**Given material**
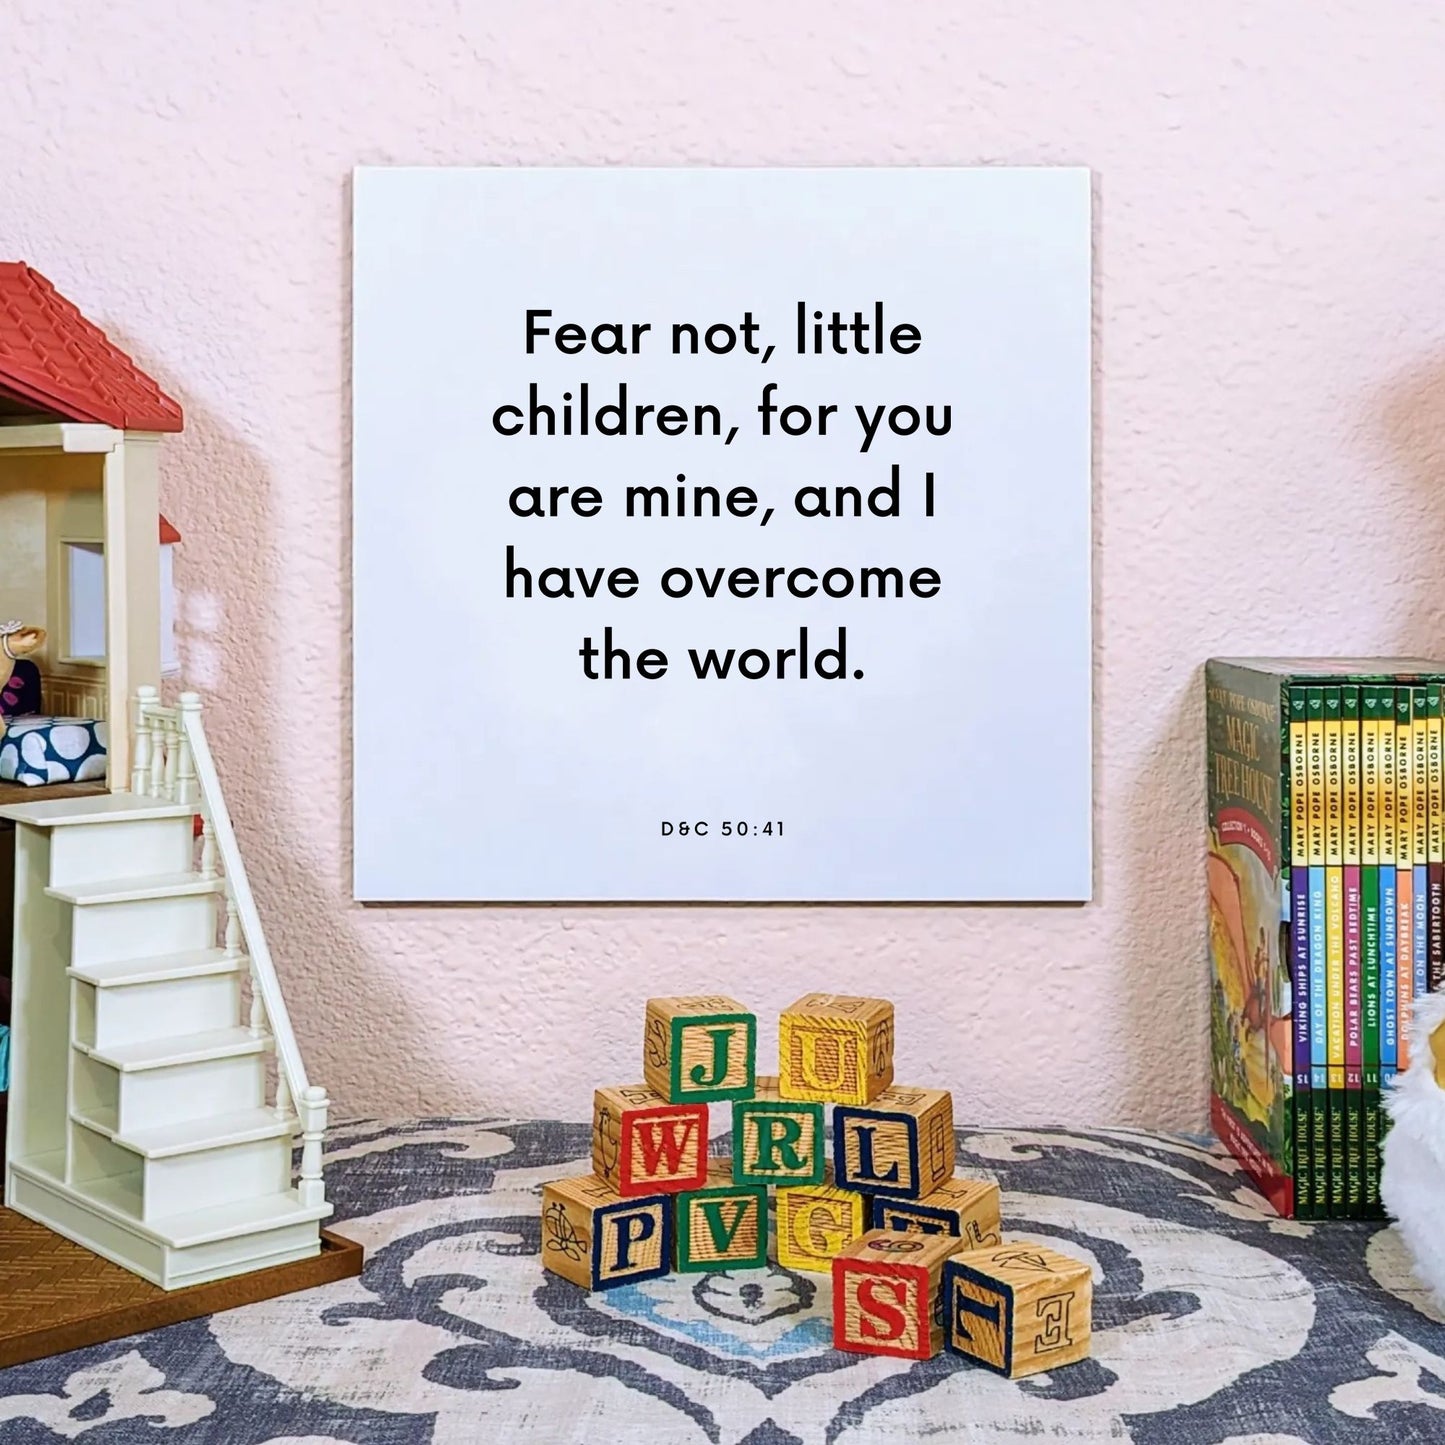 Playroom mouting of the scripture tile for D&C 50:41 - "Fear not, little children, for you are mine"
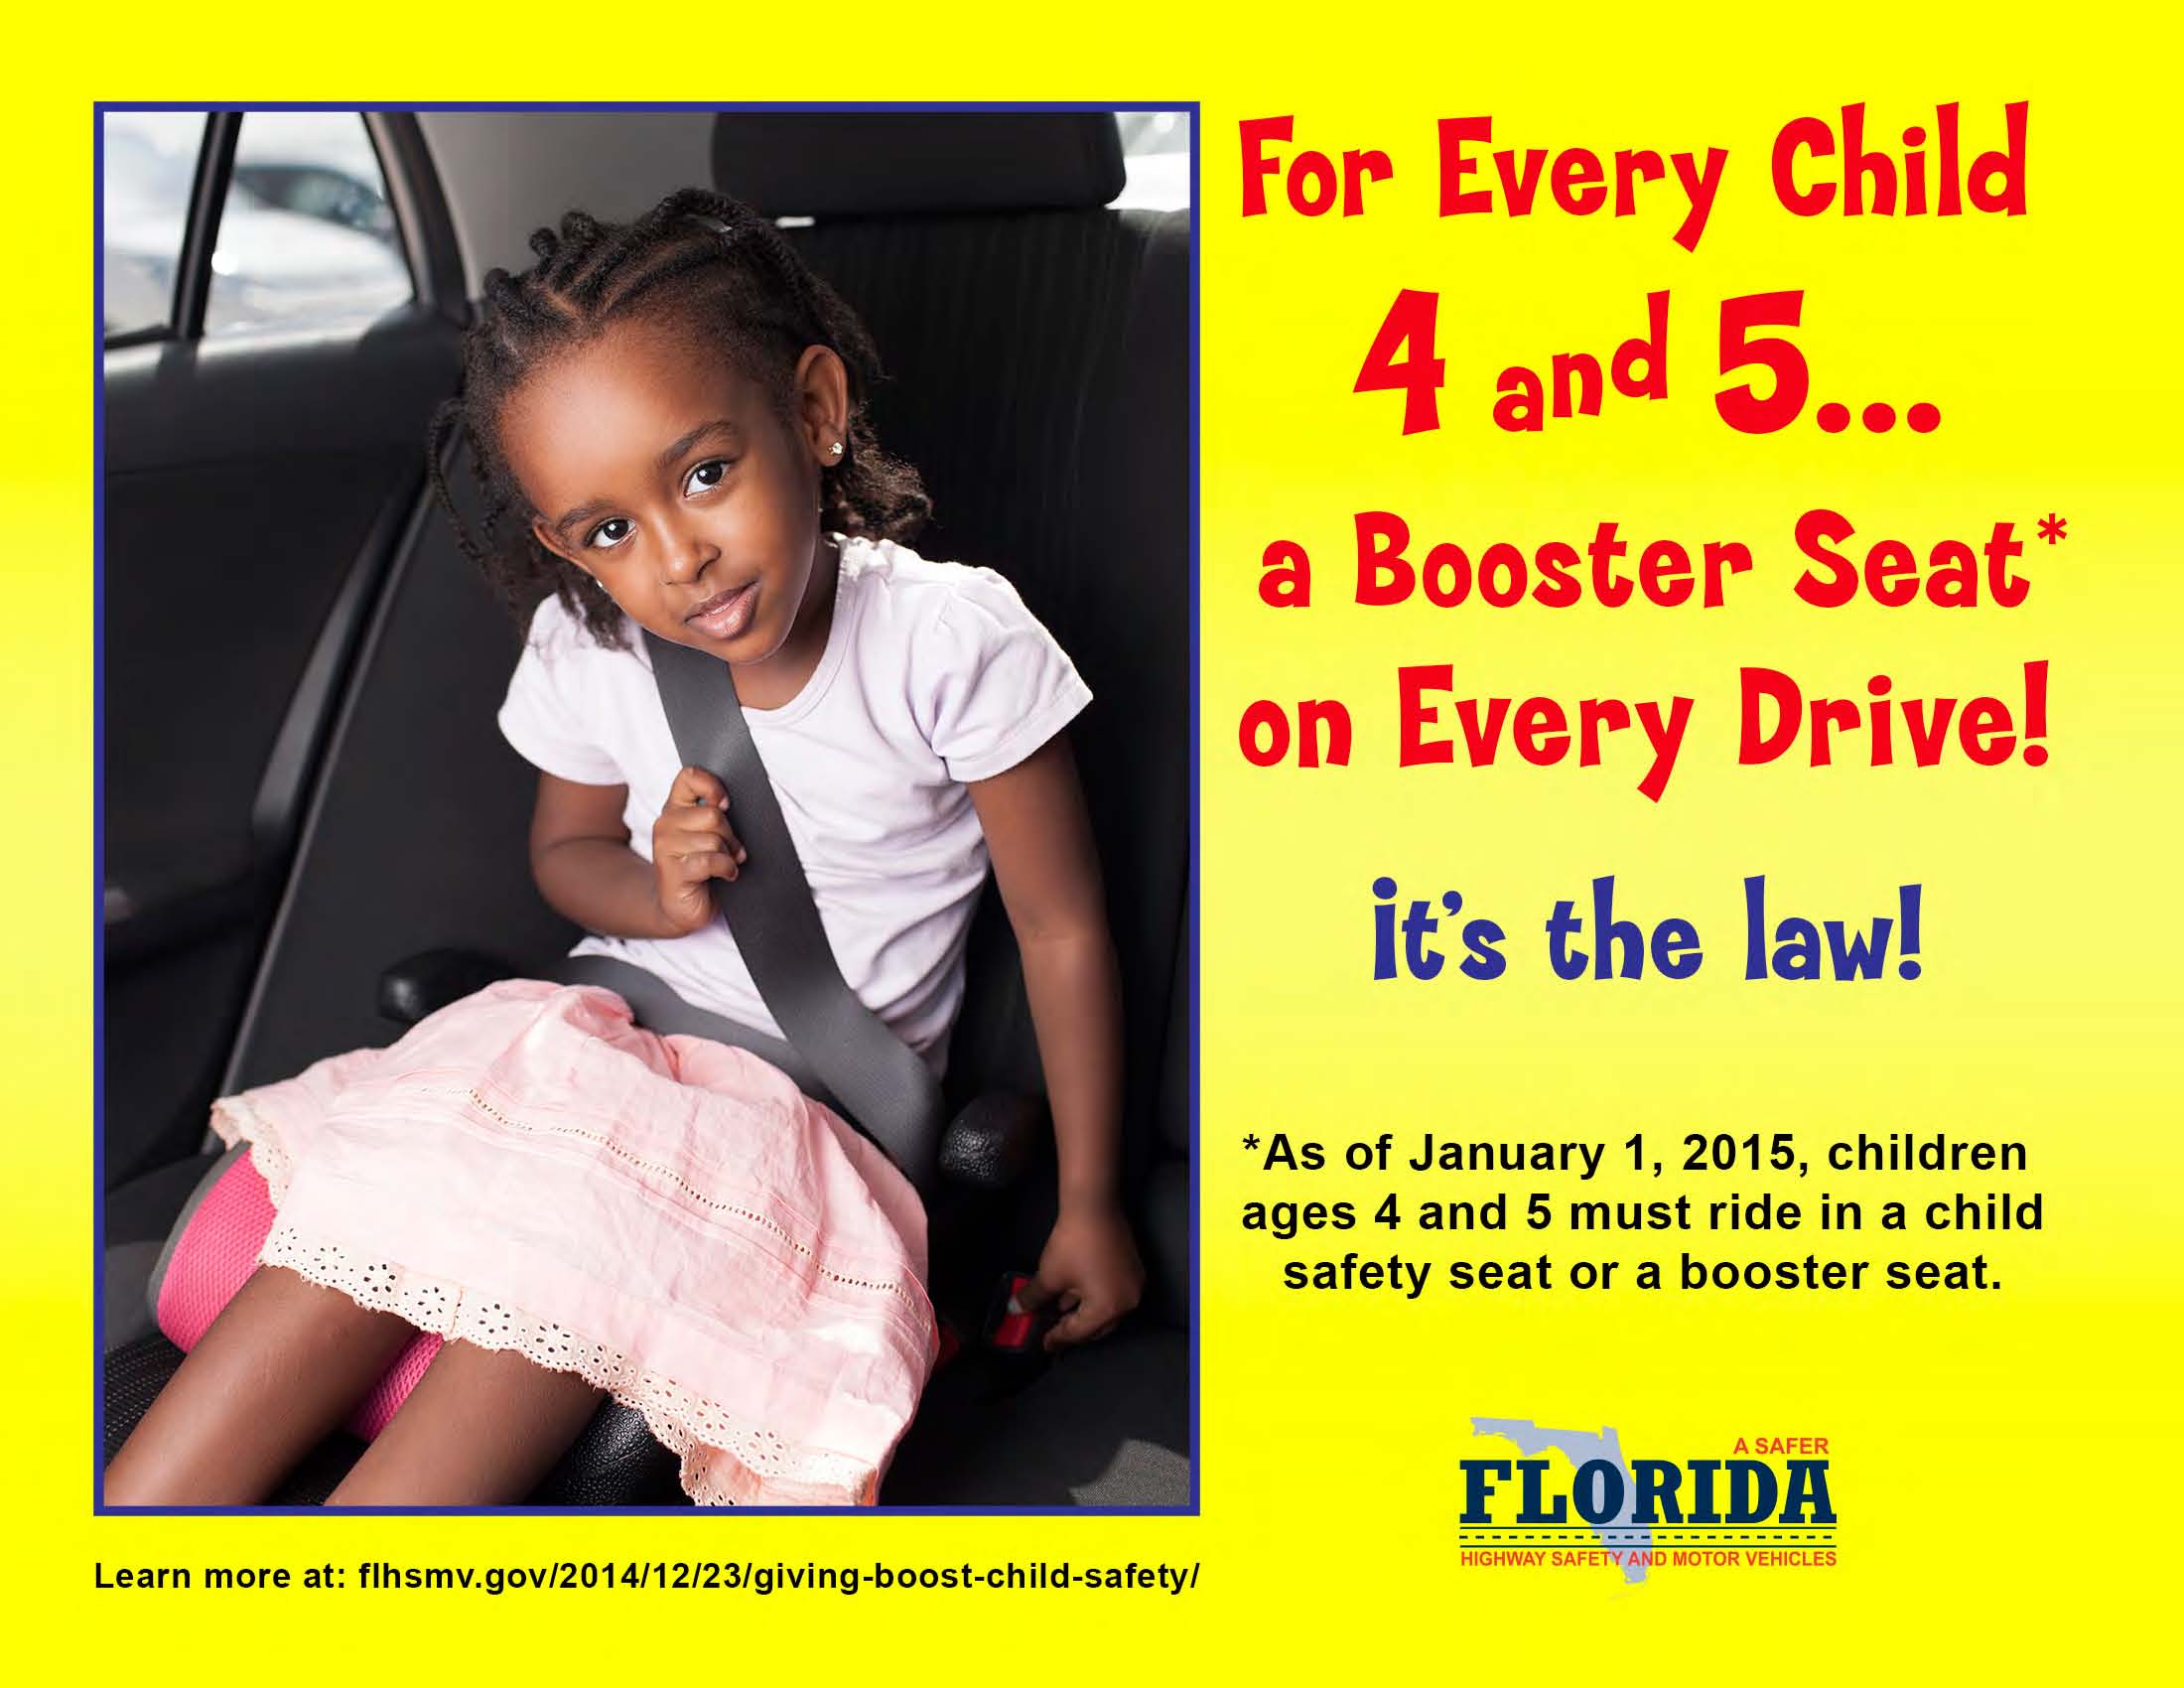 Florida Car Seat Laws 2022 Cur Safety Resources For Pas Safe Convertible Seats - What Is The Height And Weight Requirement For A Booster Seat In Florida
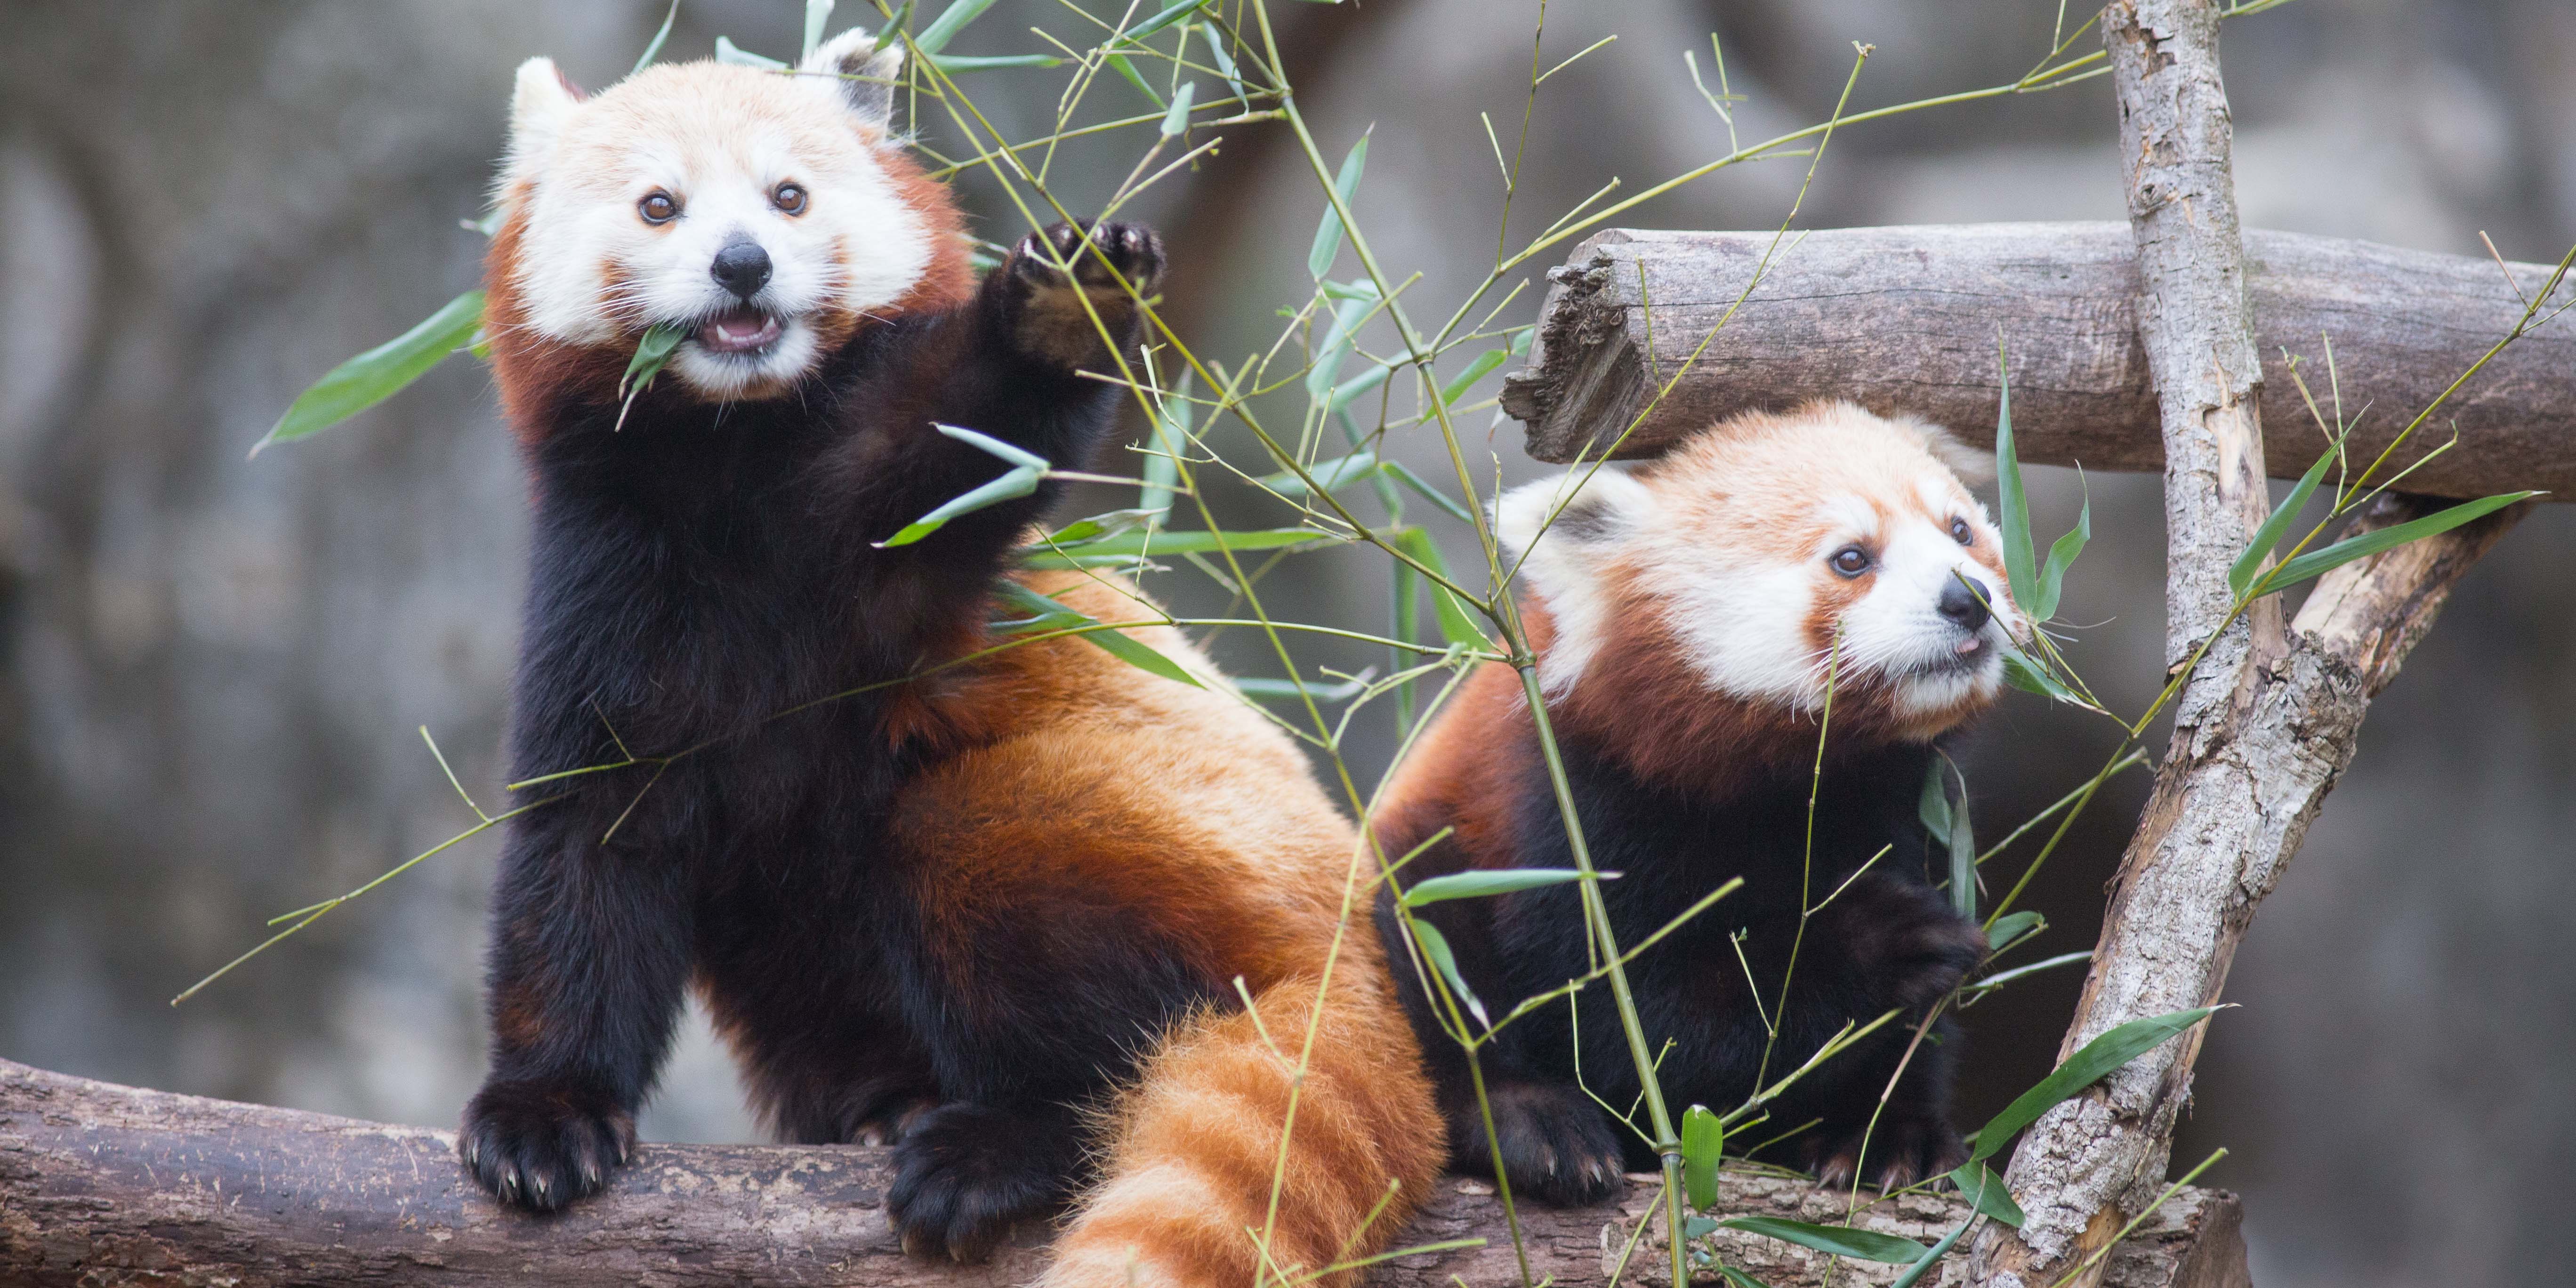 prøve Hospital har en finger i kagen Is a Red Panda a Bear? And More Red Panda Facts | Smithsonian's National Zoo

**Requirement**
Instruction for this listing: copy it exactly, but leave the images behind.

**Answer for the task**
 Playroom mouting of the scripture tile for D&C 50:41 - "Fear not, little children, for you are mine"
 Florida Car Seat Laws 2022 Cur Safety Resources For Pas Safe Convertible Seats - What Is The Height And Weight Requirement For A Booster Seat In Florida
 prøve Hospital har en finger i kagen Is a Red Panda a Bear? And More Red Panda Facts | Smithsonian's National Zoo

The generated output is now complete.